It is convenient to mention here that section 47F (it is no longer section 47f) is now in a substantially different form. The obligation imposed upon a member of the police force to facilitate the taking of a blood sample has been done away with, except in one specified situation. What is required now in the usual case is the provision of information under section 47G(2a) and the provision of a blood test kit. Regulation 6 can be seen as in some senses the successor of section 47f, but a member of the police force has no part to play in the procedures prescribed by regulation 6, nor would any of them ordinarily occur in the presence of a member of the police force. Regulation 6(j) provides for delivery of the sample to a member of the police force, but that could be done without the member being present at any of the preceding steps.

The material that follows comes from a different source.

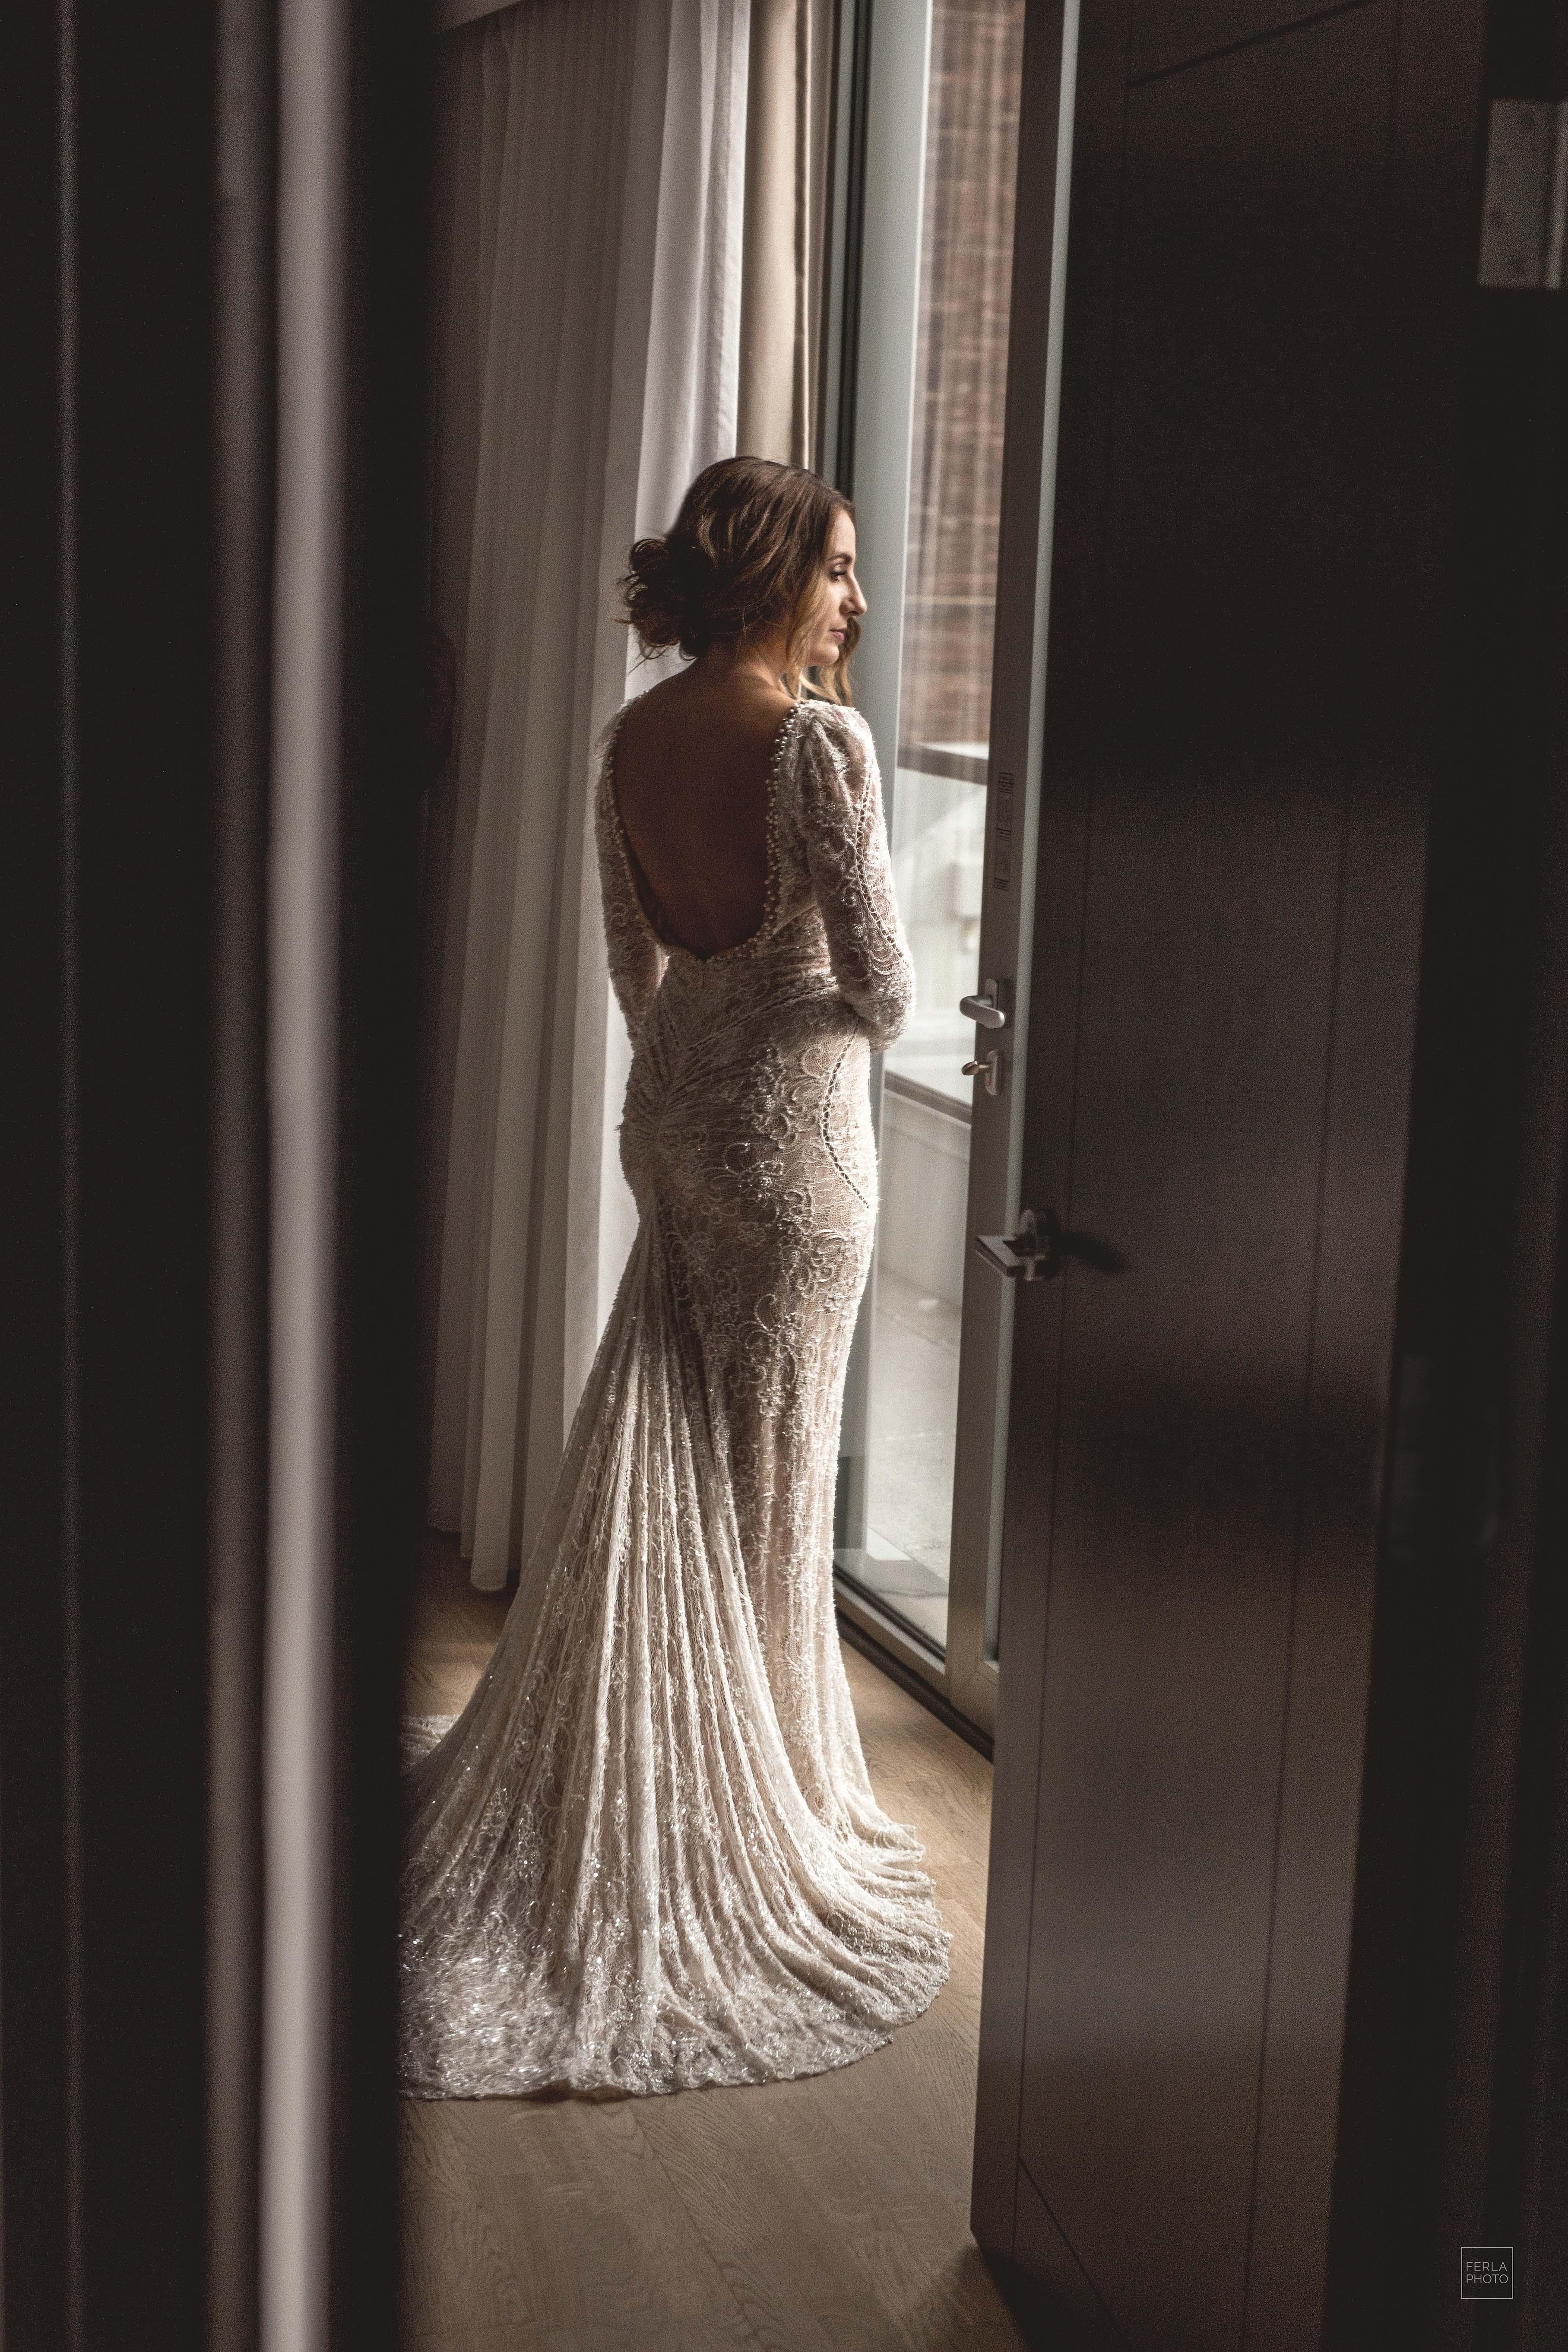 Atelier Eva Blanca - maquillage et coiffure de mariage   Montreal bridal makeup & hair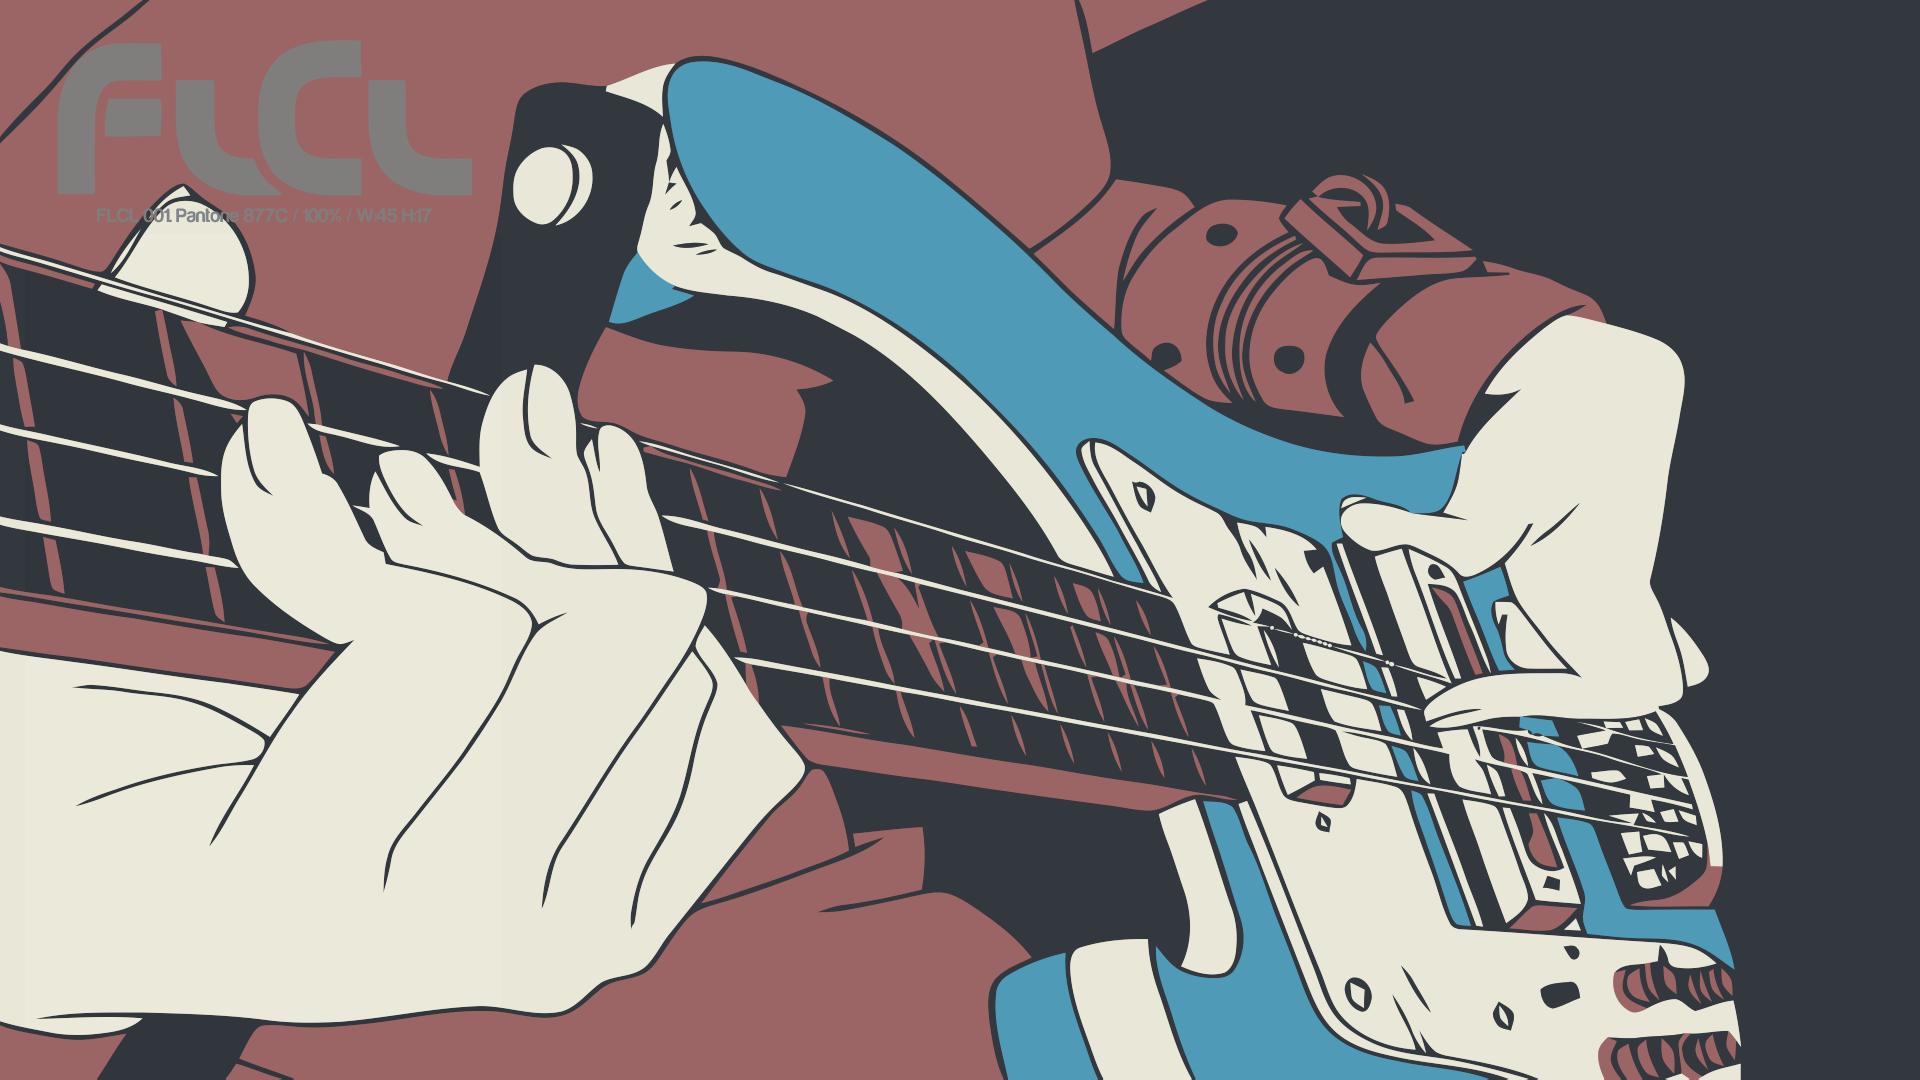 Wallpaper illustration anime musical instrument - Flcl wallpaper ...

In French v Scarman (supra) a person required to submit to a breath analysis requested that a sample of his blood should be taken by a medical practitioner. On the findings of the magistrate, although that request was made, the member of the police force to whom the request was made did nothing to facilitate the taking of the blood sample. As King CJ later said in Taylor v Daire (1982) 30 SASR 453 at 463, with reference to the position when French v Scarman (supra) was decided:

"The sections did not then provide for any consequence to flow from failure of the police to comply with section 47f."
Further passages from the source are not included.